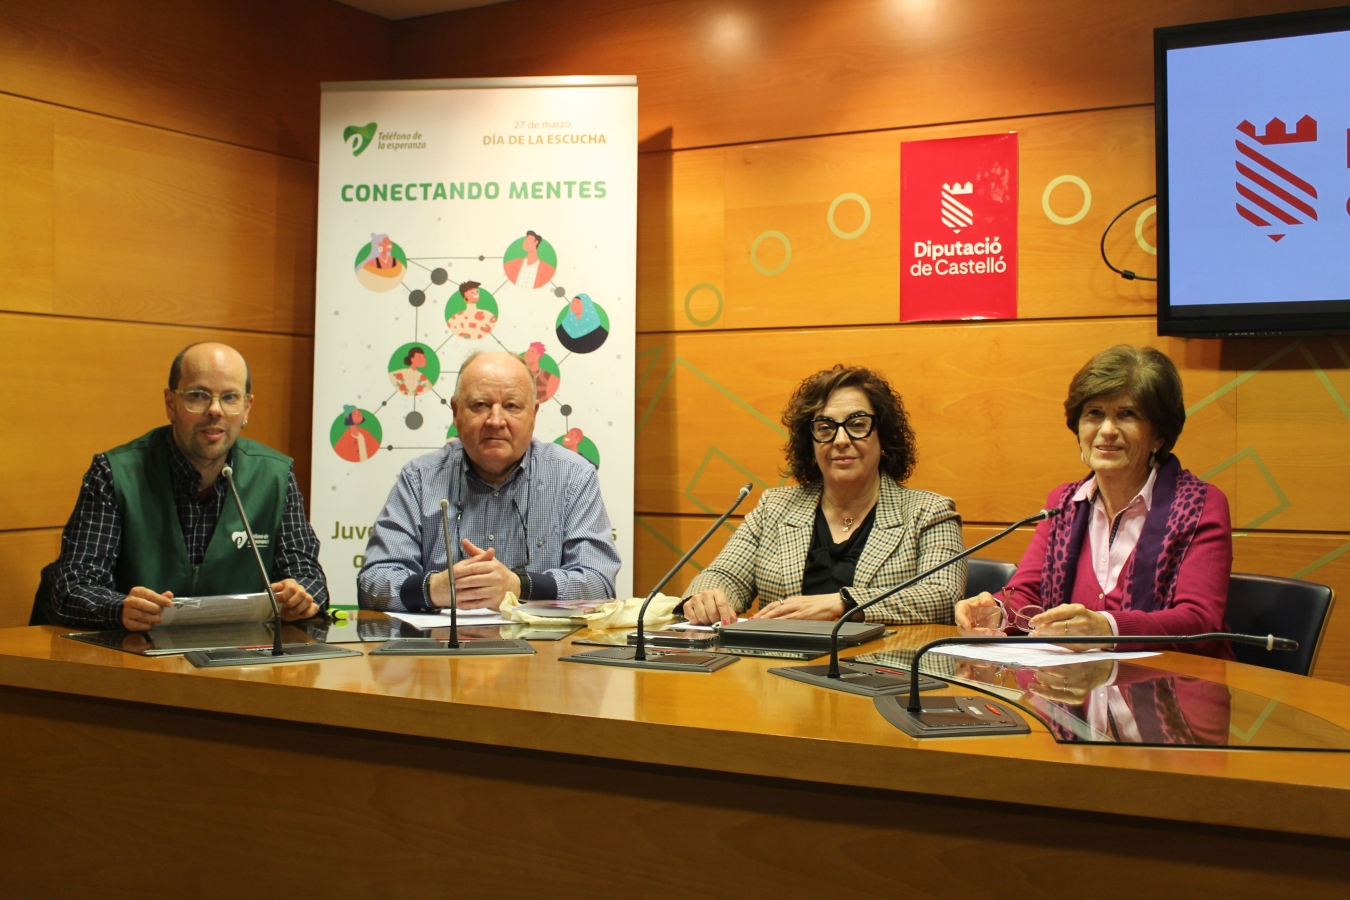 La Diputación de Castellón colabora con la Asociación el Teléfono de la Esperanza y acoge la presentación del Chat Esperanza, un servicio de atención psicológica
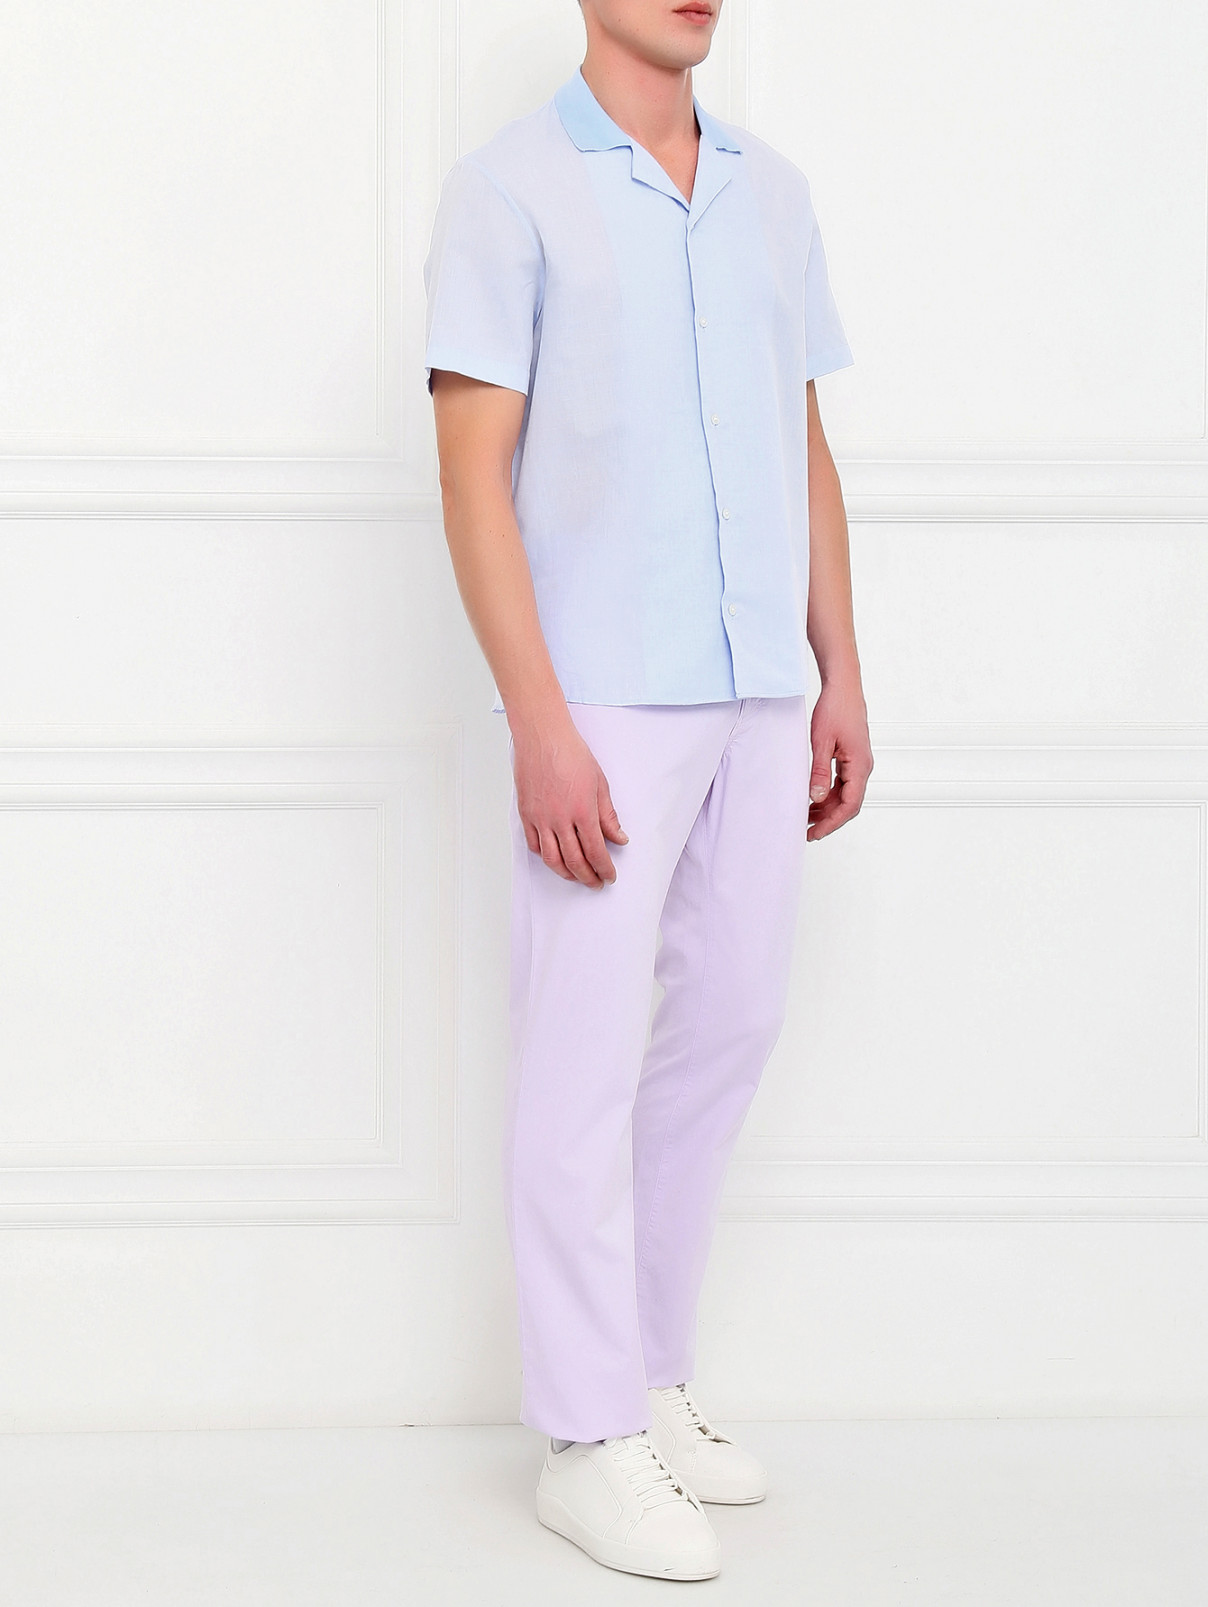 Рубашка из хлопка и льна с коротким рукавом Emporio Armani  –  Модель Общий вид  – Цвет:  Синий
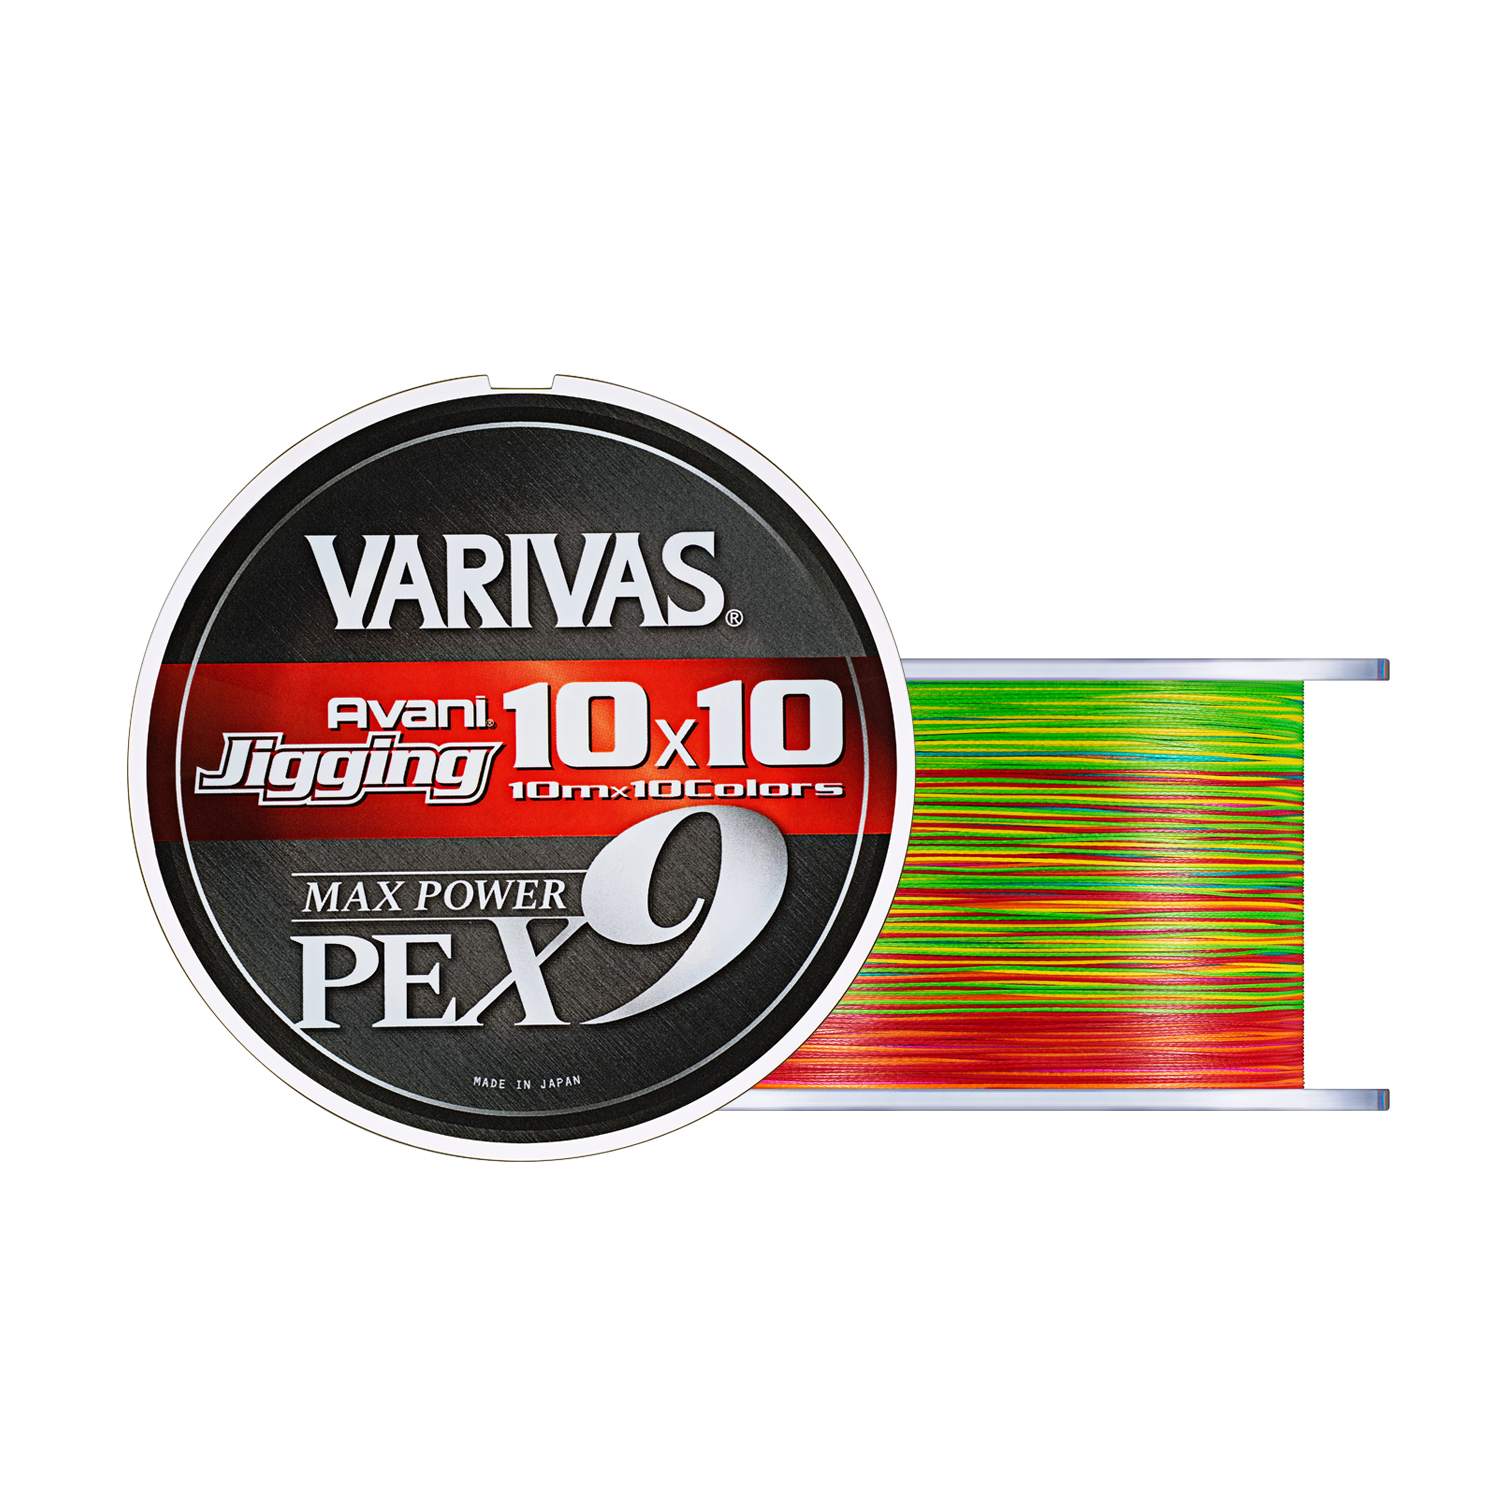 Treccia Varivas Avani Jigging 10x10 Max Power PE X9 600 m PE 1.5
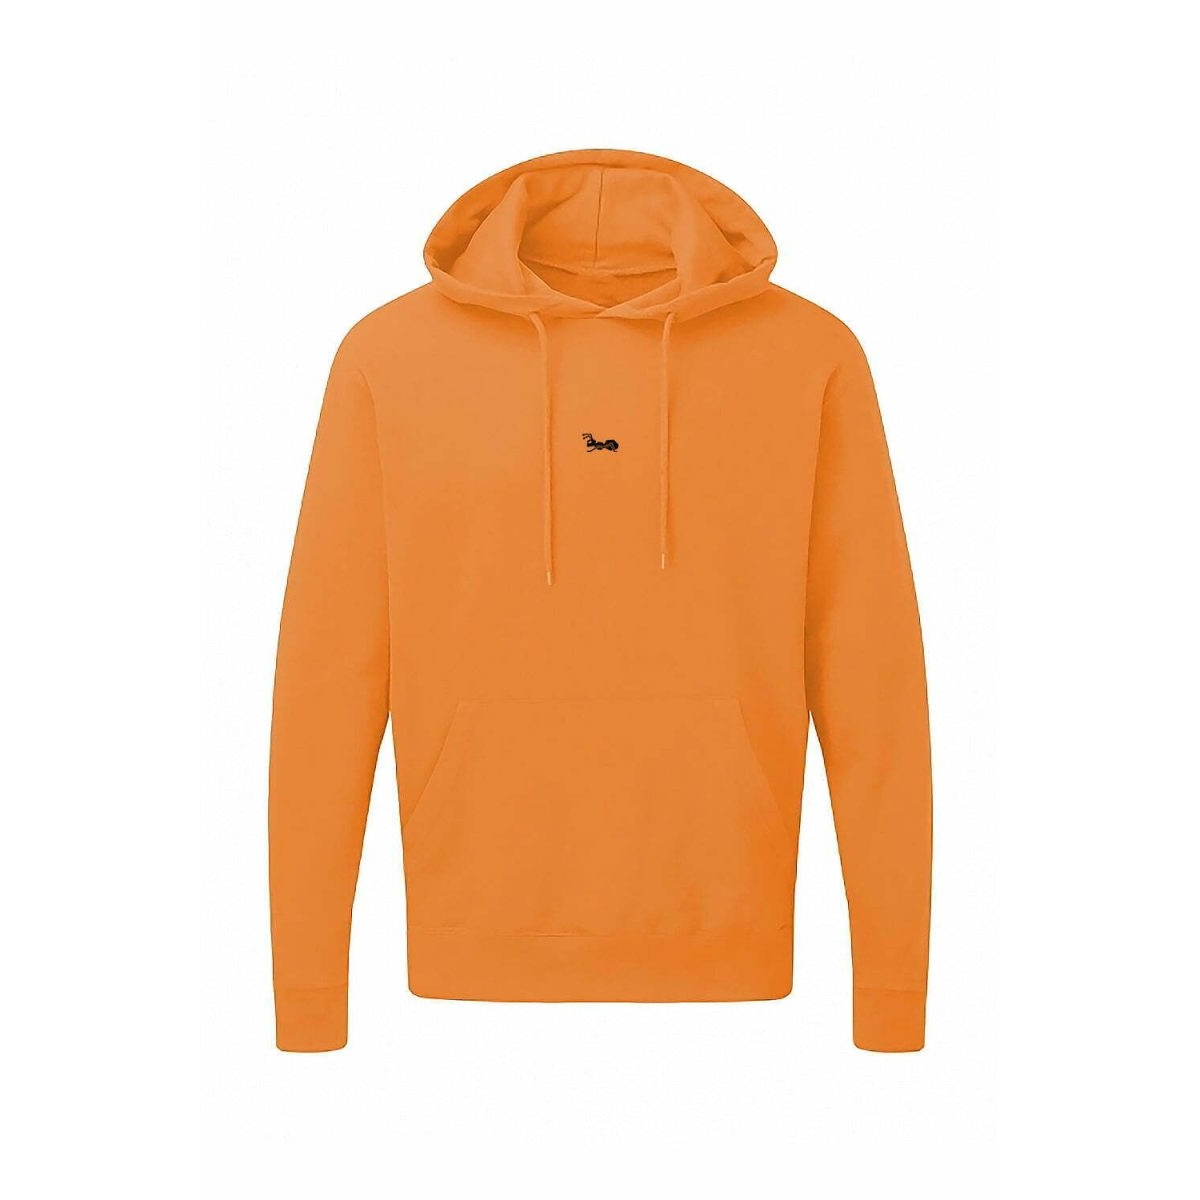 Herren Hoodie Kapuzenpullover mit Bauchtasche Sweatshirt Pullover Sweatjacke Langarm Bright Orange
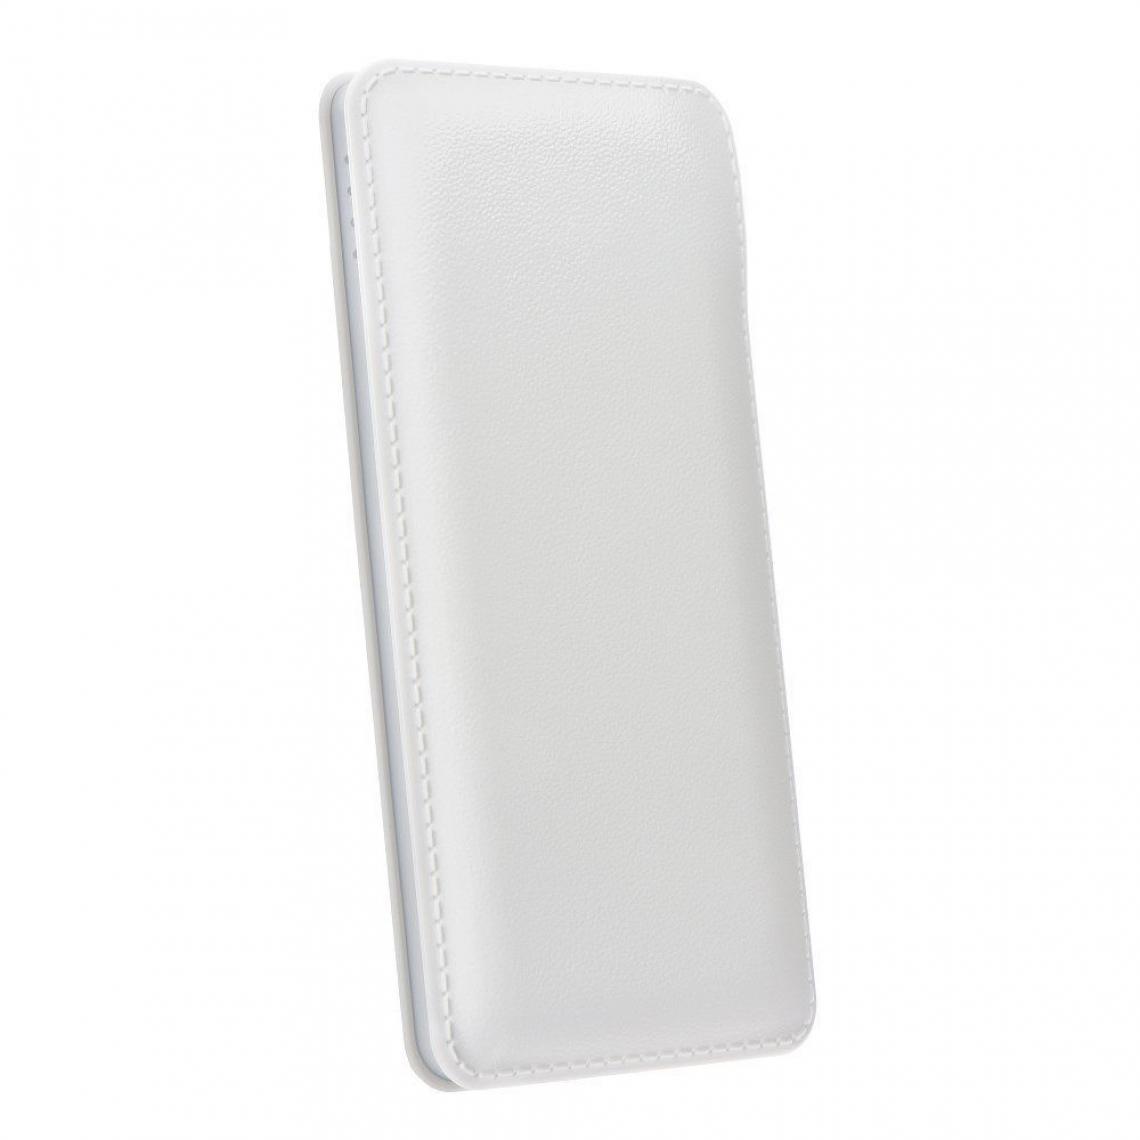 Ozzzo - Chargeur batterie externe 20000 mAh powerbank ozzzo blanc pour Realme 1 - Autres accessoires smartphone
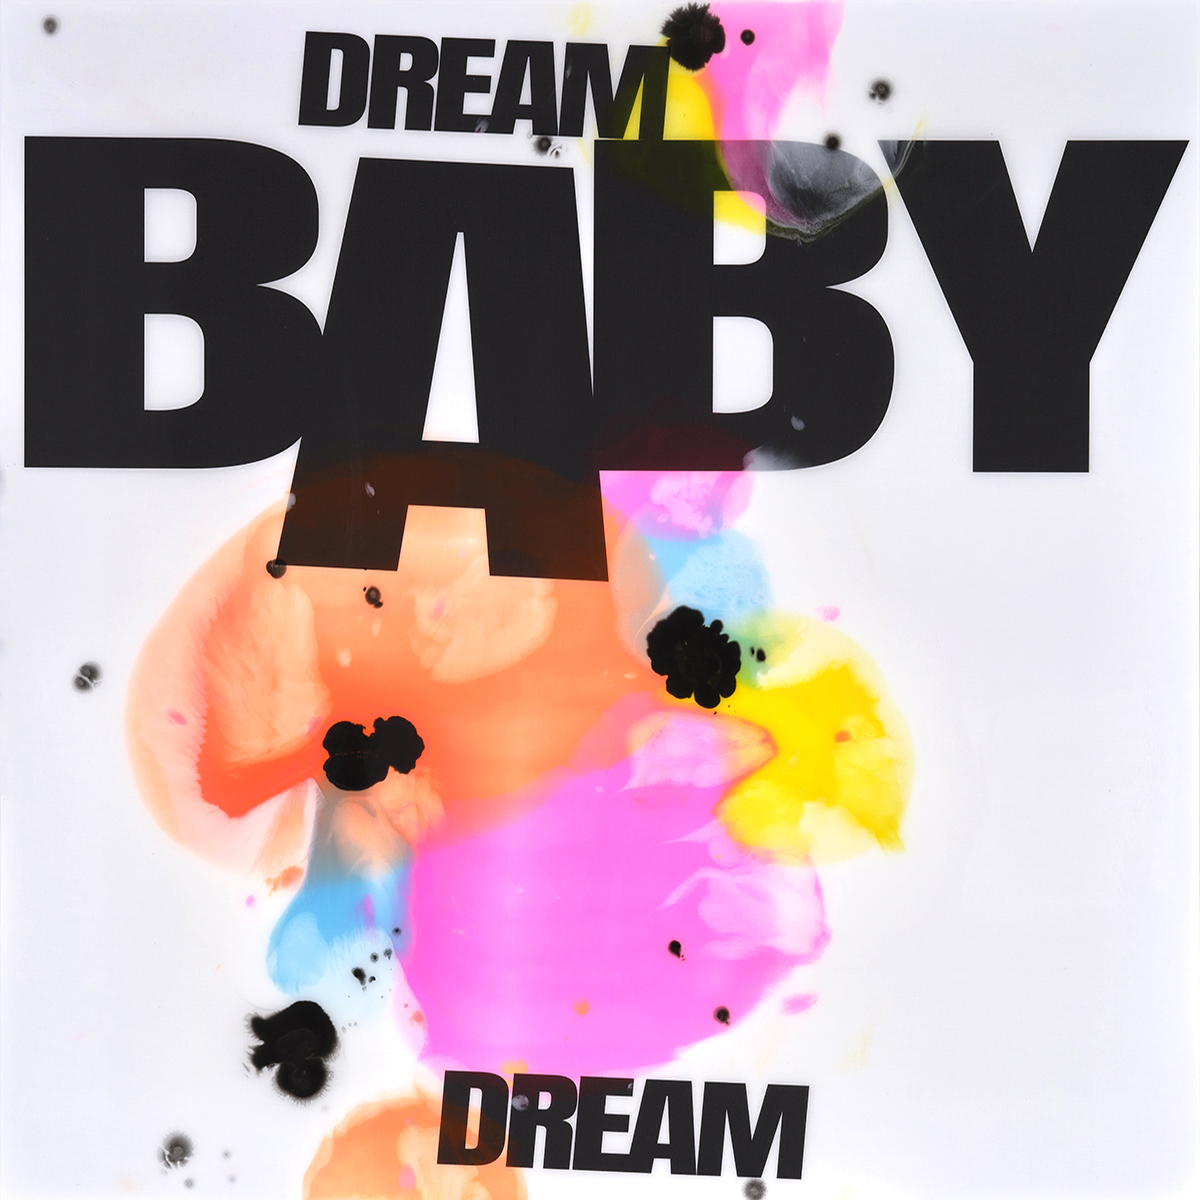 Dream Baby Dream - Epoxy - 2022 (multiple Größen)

******

Copy back, word for word, every line between the top of the material above and the line that contains "Herren Hoodie Kapuzenpullover", both included, without any pictures.

* Reply to the exercise:
 La Diputación de Castellón colabora con la Asociación el Teléfono de la Esperanza y acoge la presentación del Chat Esperanza, un servicio de atención psicológica
 Рубашка из хлопка и льна с коротким рукавом Emporio Armani  –  Модель Общий вид  – Цвет:  Синий
 Treccia Varivas Avani Jigging 10x10 Max Power PE X9 600 m PE 1.5
 Herren Hoodie Kapuzenpullover mit Bauchtasche Sweatshirt Pullover Sweatjacke Langarm Bright Orange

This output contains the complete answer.